Docker Sandbox
Execute and verify code securely inside isolated temporary containers.
Problem
Agents frequently generate code (Python, JS, Shell scripts) that they need to test before presenting a final solution. Running this code directly on the host machine poses significant security and stability risks.
Solution
The docker-sandbox skill establishes a pattern for agents to provision a temporary, isolated container environment using Docker. Code executes inside the container, captures standard output and error, and cleans up immediately after completion.
Features
- ✅ Host Isolation - Runs code securely away from the host system's file tree and environment variables.
- ✅ Ephemeral Execution - Containers are automatically destroyed (
--rm) after the process exits. - ✅ Multi-environment - Supports Python, Node.js, Go, or any Docker-supported runtime.
- ✅ Resource Controls - Hard constraints on memory and CPU avoid runaway processes.
Usage Guide (For Agents)
When evaluating or testing code, use the following execution abstractions via the host terminal. Prepare your code in a local temporary directory (e.g., ./.sandbox/), then mount it in the container.
1. Python Verification
Run a python script securely with constrained memory and CPU.
# Create a test script
mkdir -p .sandbox
echo 'print("Hello from Docker Sandbox!")' > .sandbox/main.py
# Execute in python sandbox
docker run --rm \
--memory="512m" \
--cpus="1.0" \
--network none \
-v "$(pwd)/.sandbox:/app" \
-w /app \
python:3.10-slim python main.py
2. Node.js Verification
Evaluate JavaScript / Node.js safely.
docker run --rm \
--memory="512m" \
--cpus="1.0" \
--network none \
-v "$(pwd)/.sandbox:/app" \
-w /app \
node:18-alpine node main.js
3. Bash/Shell Verification
Test shell scripts in a generic Alpine environment.
docker run --rm -v "$(pwd)/.sandbox:/app" -w /app alpine sh script.sh
Security Guidelines
- Mount Minimization: Never mount sensitive host directories (e.g.,
/etc,~/.ssh, or/) into the sandbox.

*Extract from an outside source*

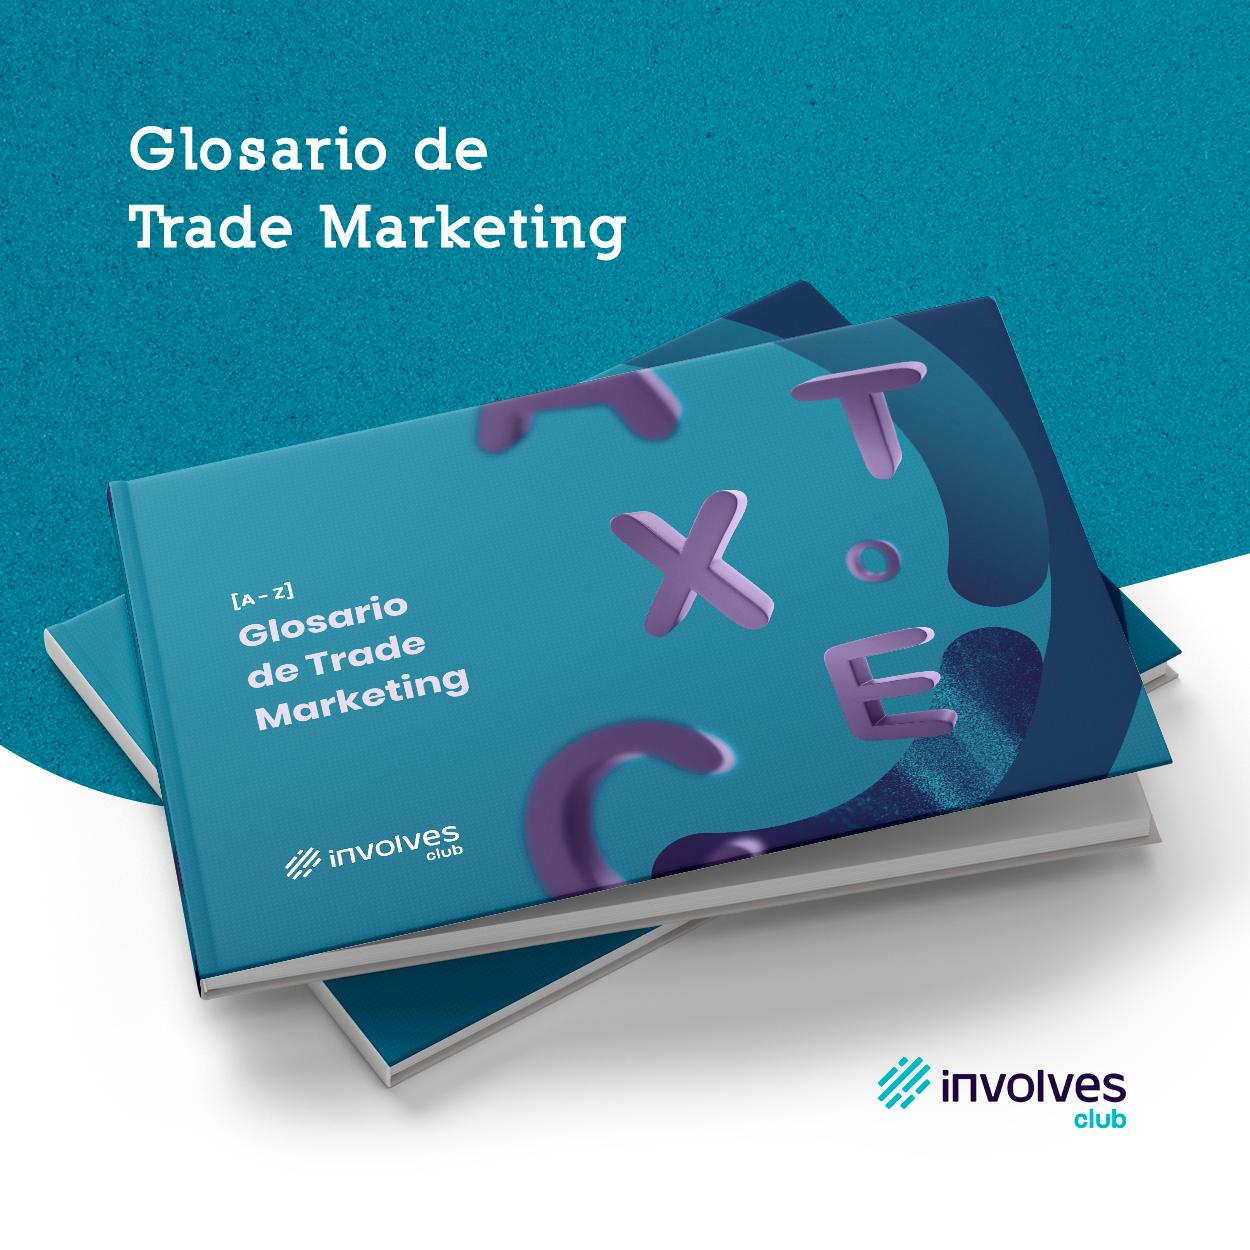 Glosario de Trade Marketing
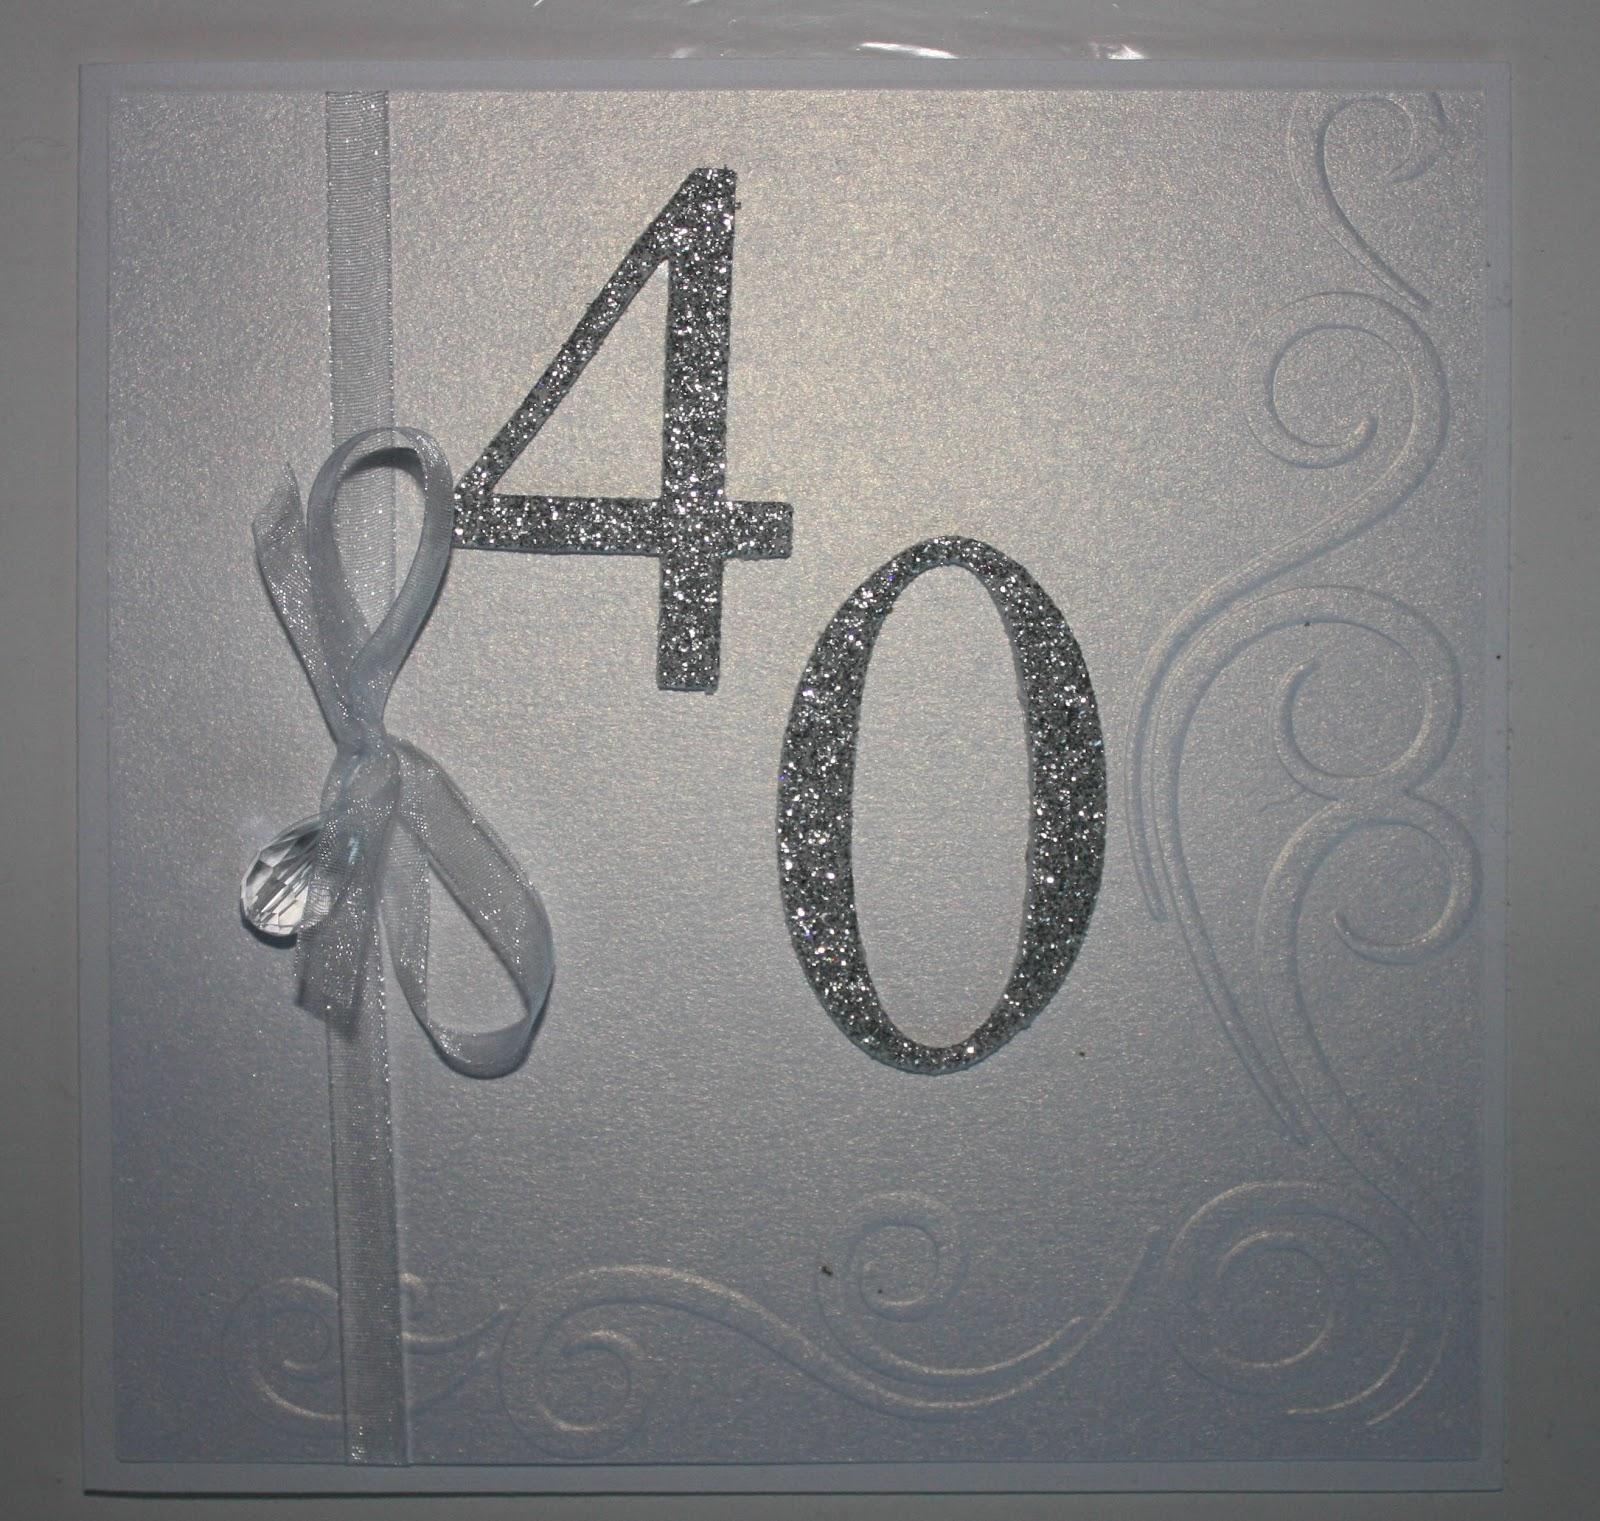 födelsedagskort 40 år Pyssel och Kort: 40 års inbjudan födelsedagskort 40 år

Mount only the specifically designated.sandboxor task-related directory. - Network Isolation: By default, include
--network nonein the command to prevent the code from exfiltrating data or initiating unwanted network requests, unless network access is functionally necessary for the test. - Privileges: Never use
--privilegedmode or run containers mapped directly to the root user of the host if preventable.